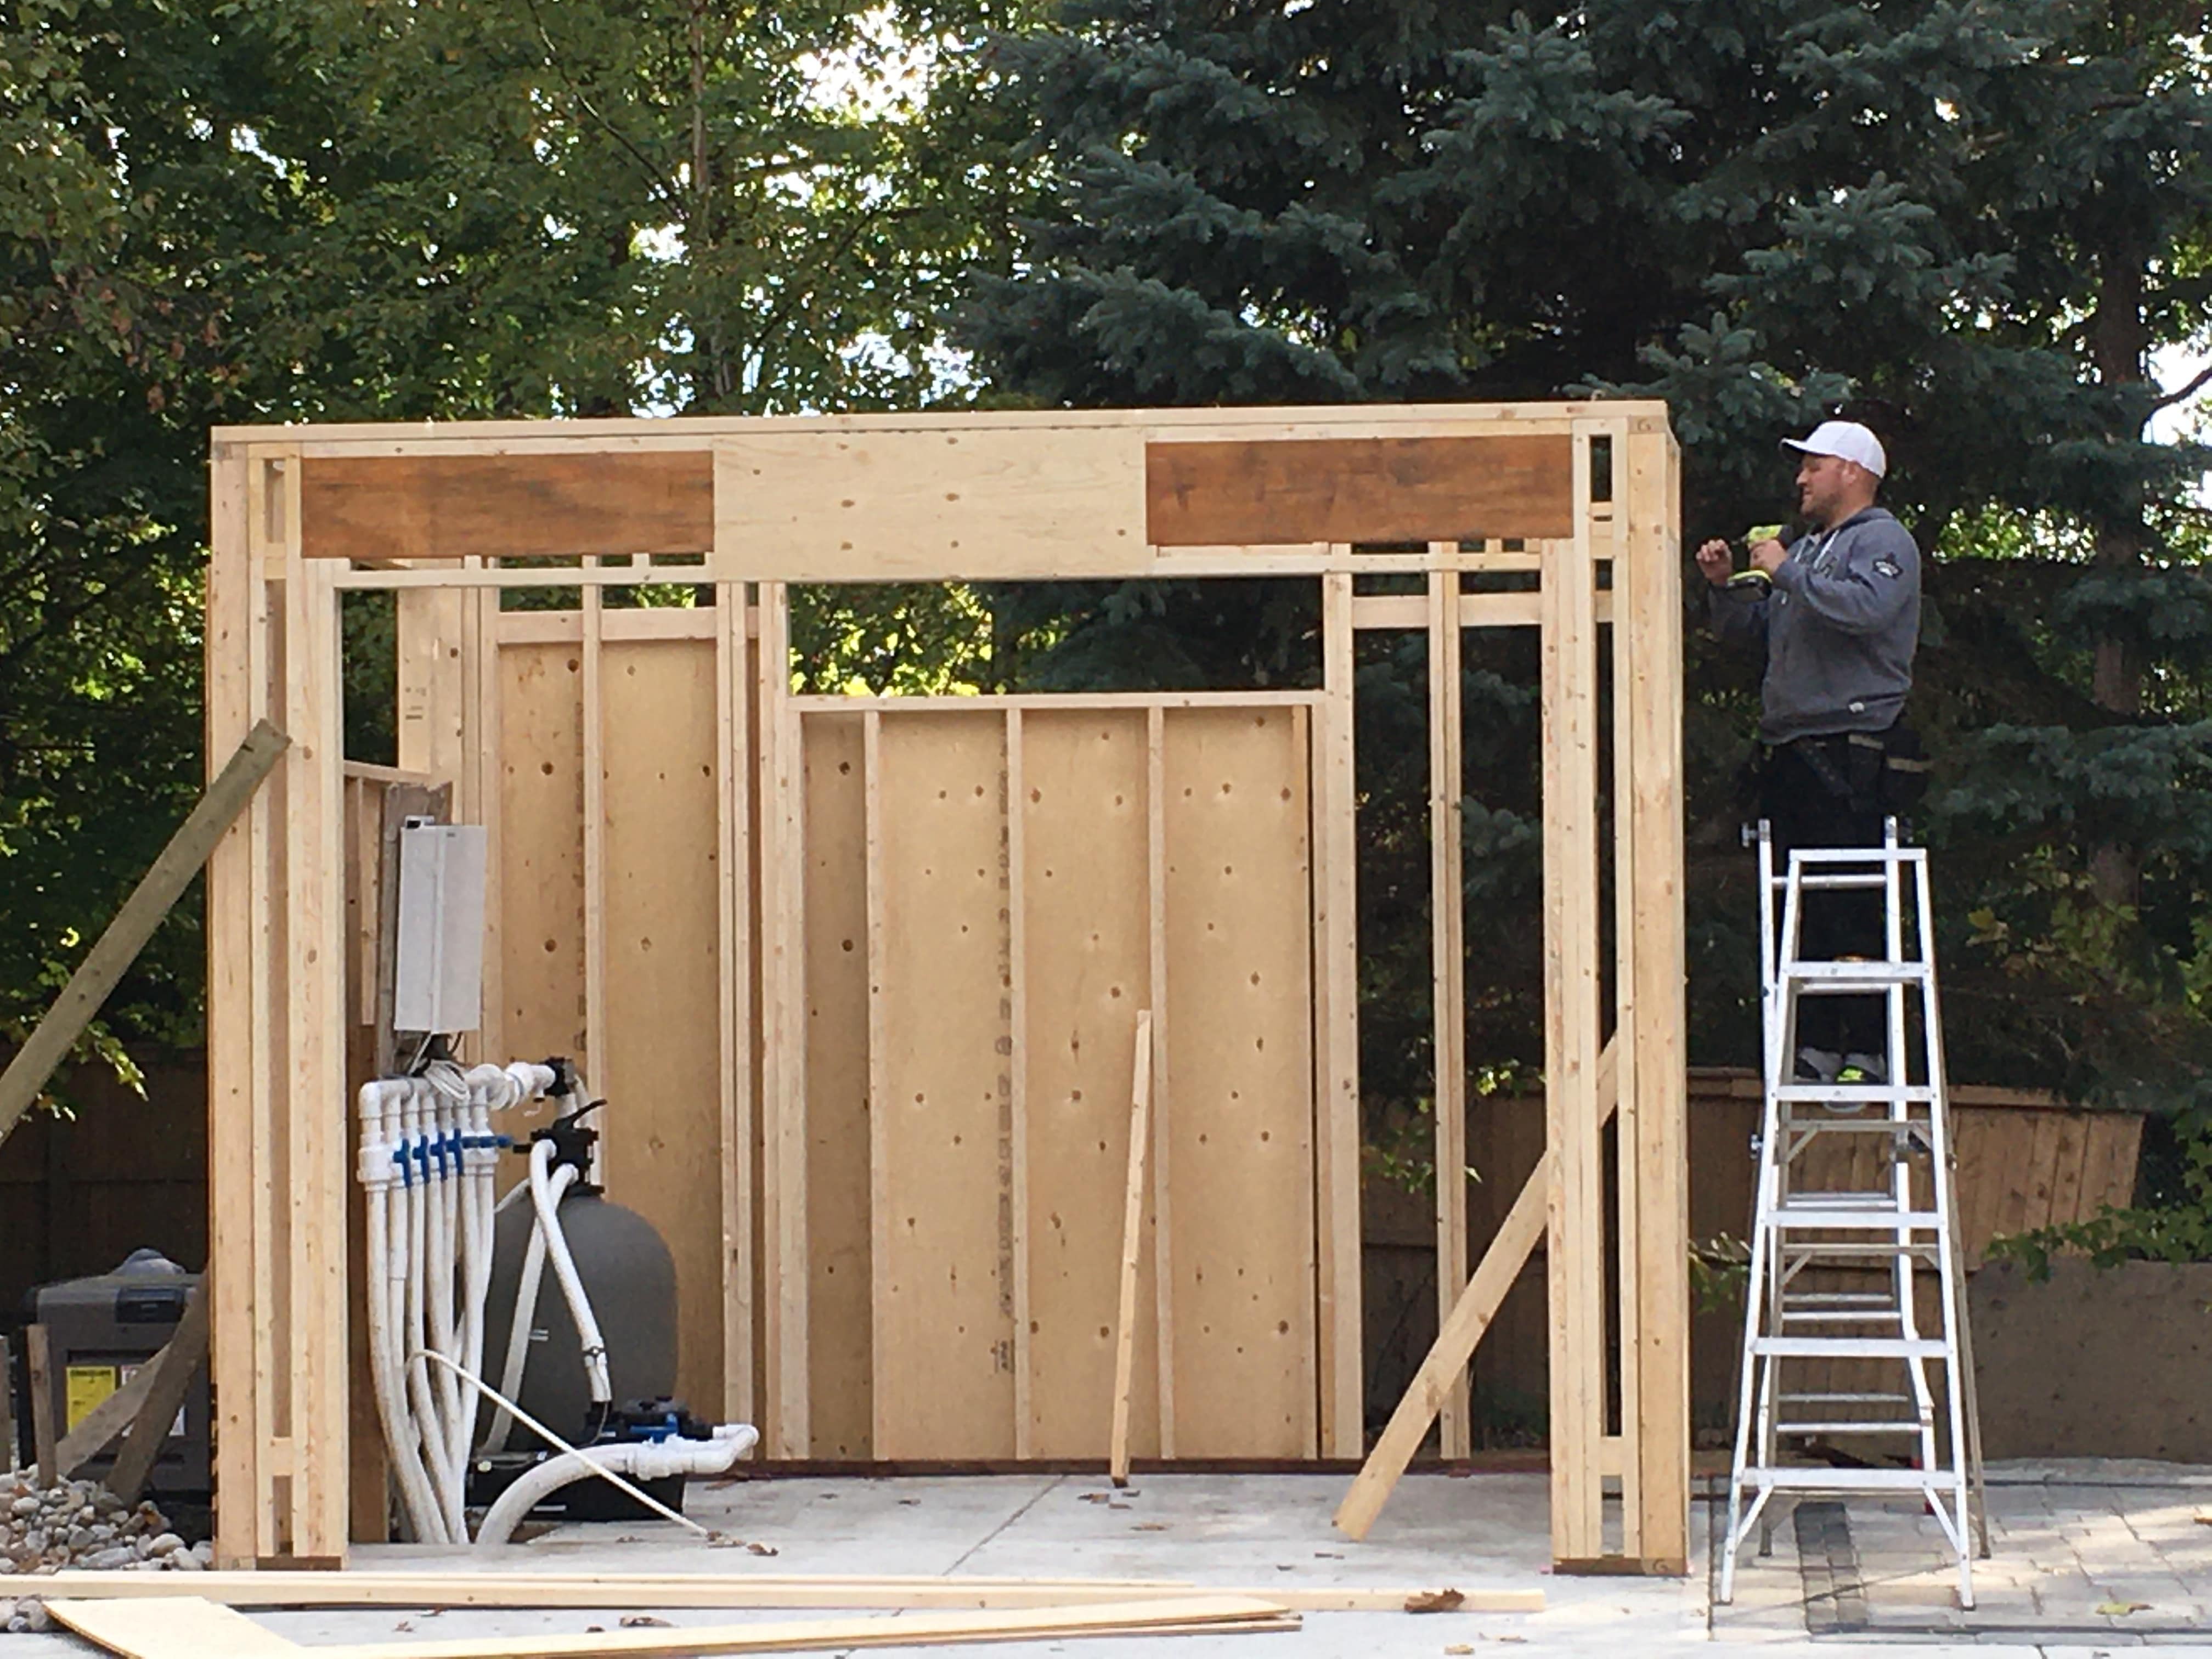 Construction view of 9' x 12' Verana Pool Cabana located in London, Ontario – Summerwood Products
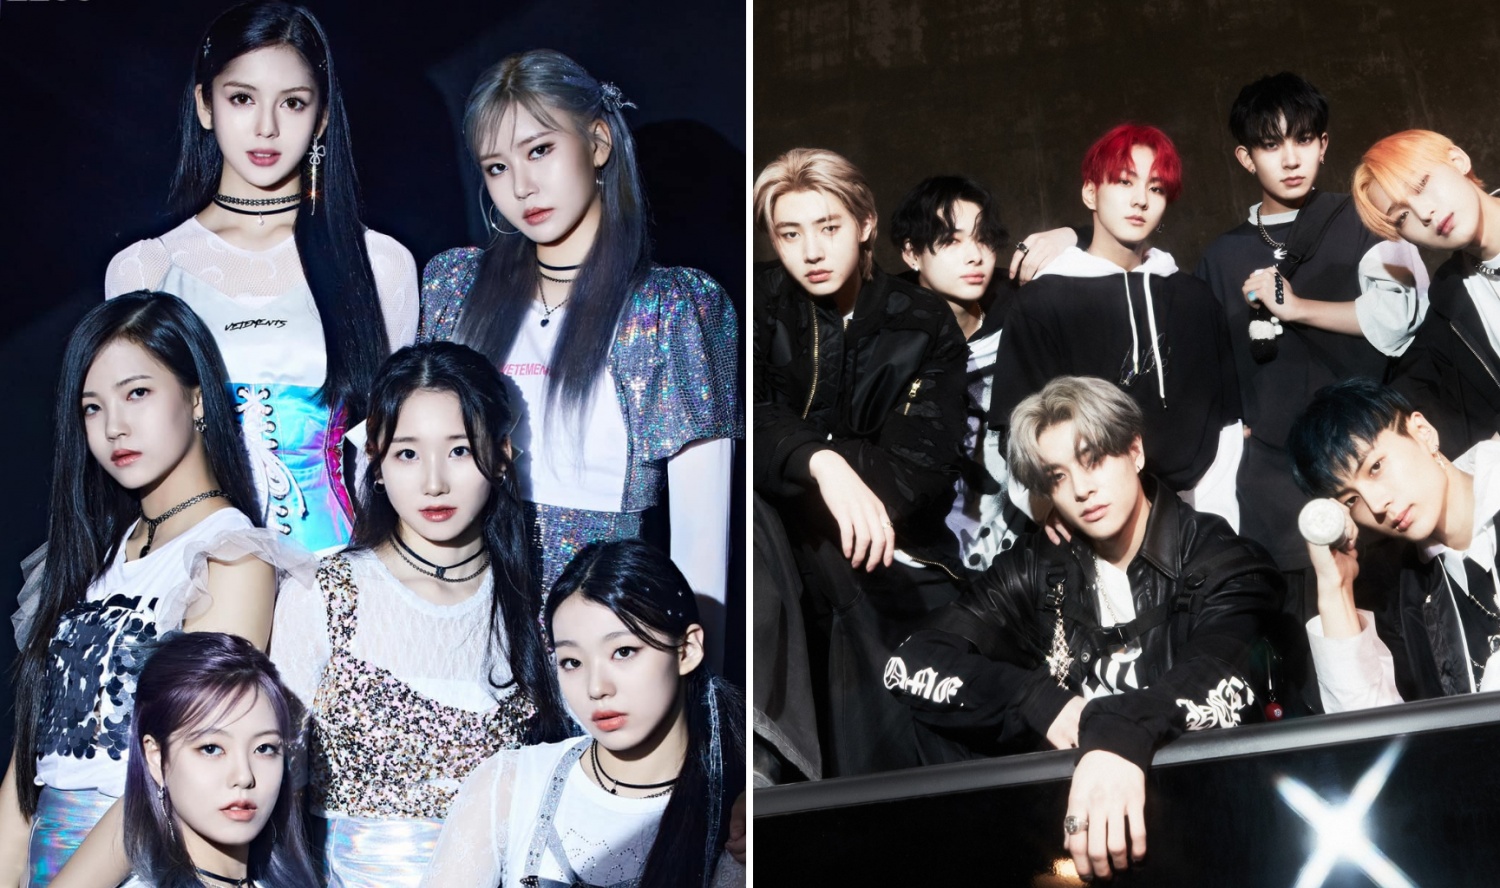 5 K-pop groups that are extremely popular in some countries
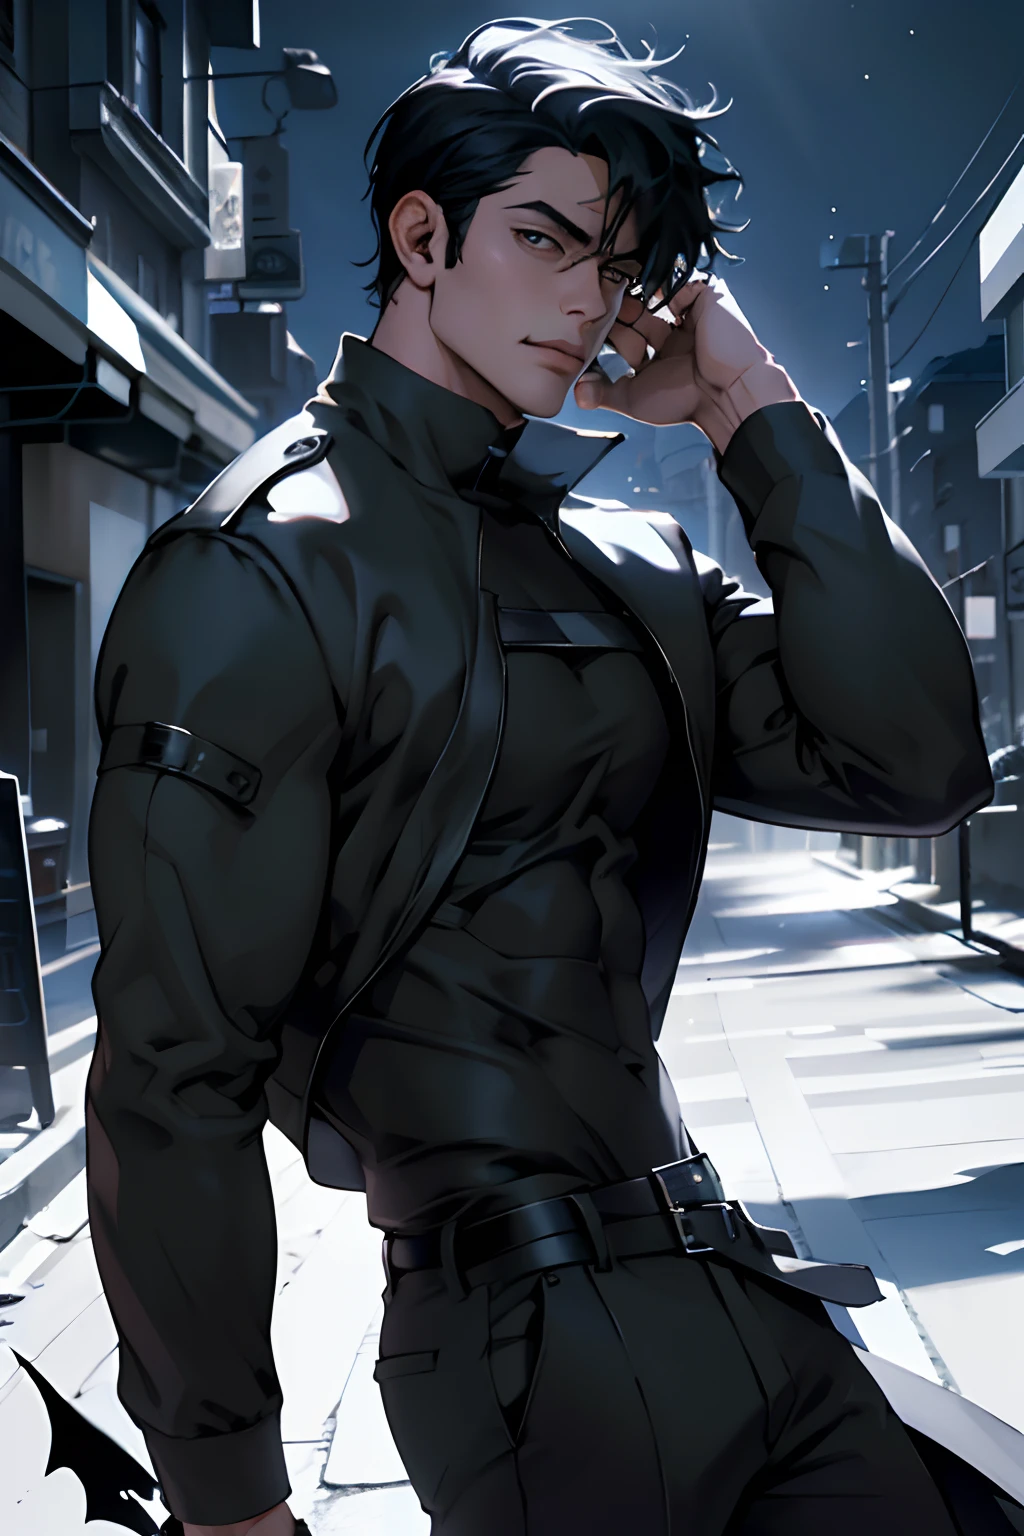 (absurdities, High resolution, ultra detailed), 1 man, handsome, high, muscular, 25 years old, short black hair, gray eyes, youthful hairstyle, manly seductive pose, En medio de una calle visctoriana vacia at night, terrifying environment, suspense environment, (black leather suit), wounded and bleeding, colorful, artistic, depth of field,8k, Hyperreal, 50mm, Kodak Portra 400, photograph by Martin Schoeller, natural light, Natural skin, Real skin texture, Foot fetish, An award-winning photographic portrait of a man, short black hair, a dark clalle in the background, Surreal decorated skin, masculine, whole body en movimiento, defined body, whole body, stunning realistic, sinister aura, horror background, Vampires, moustros, DEMONS, emanating a dark blue aura, RAW photograph, defined body,maximalismo, octane rendering, unreal, 8k, depth of field, bokeh, night background, at night, grey eyes, Face without hair, black ink, 8k, Hyperreal, 50mm, Kodak Portra 400, photograph by Martin Schoeller, natural light, Natural skin, Real skin texture, Foot fetish

-----

__About this exercise__
Omit the pictures, then set down all the remaining data exactly as given.

__Reply__
 Construction view of 9' x 12' Verana Pool Cabana located in London, Ontario – Summerwood Products
 5 K-pop groups that are extremely popular in some countries
 (absurdities, High resolution, ultra detailed), 1 man, handsome, high, muscular, 25 years old, short black hair, gray eyes, youthful hairstyle, manly seductive pose, En medio de una calle visctoriana vacia at night, terrifying environment, suspense environment, (black leather suit), wounded and bleeding, colorful, artistic, depth of field,8k, Hyperreal, 50mm, Kodak Portra 400, photograph by Martin Schoeller, natural light, Natural skin, Real skin texture, Foot fetish, An award-winning photographic portrait of a man, short black hair, a dark clalle in the background, Surreal decorated skin, masculine, whole body en movimiento, defined body, whole body, stunning realistic, sinister aura, horror background, Vampires, moustros, DEMONS, emanating a dark blue aura, RAW photograph, defined body,maximalismo, octane rendering, unreal, 8k, depth of field, bokeh, night background, at night, grey eyes, Face without hair, black ink, 8k, Hyperreal, 50mm, Kodak Portra 400, photograph by Martin Schoeller, natural light, Natural skin, Real skin texture, Foot fetish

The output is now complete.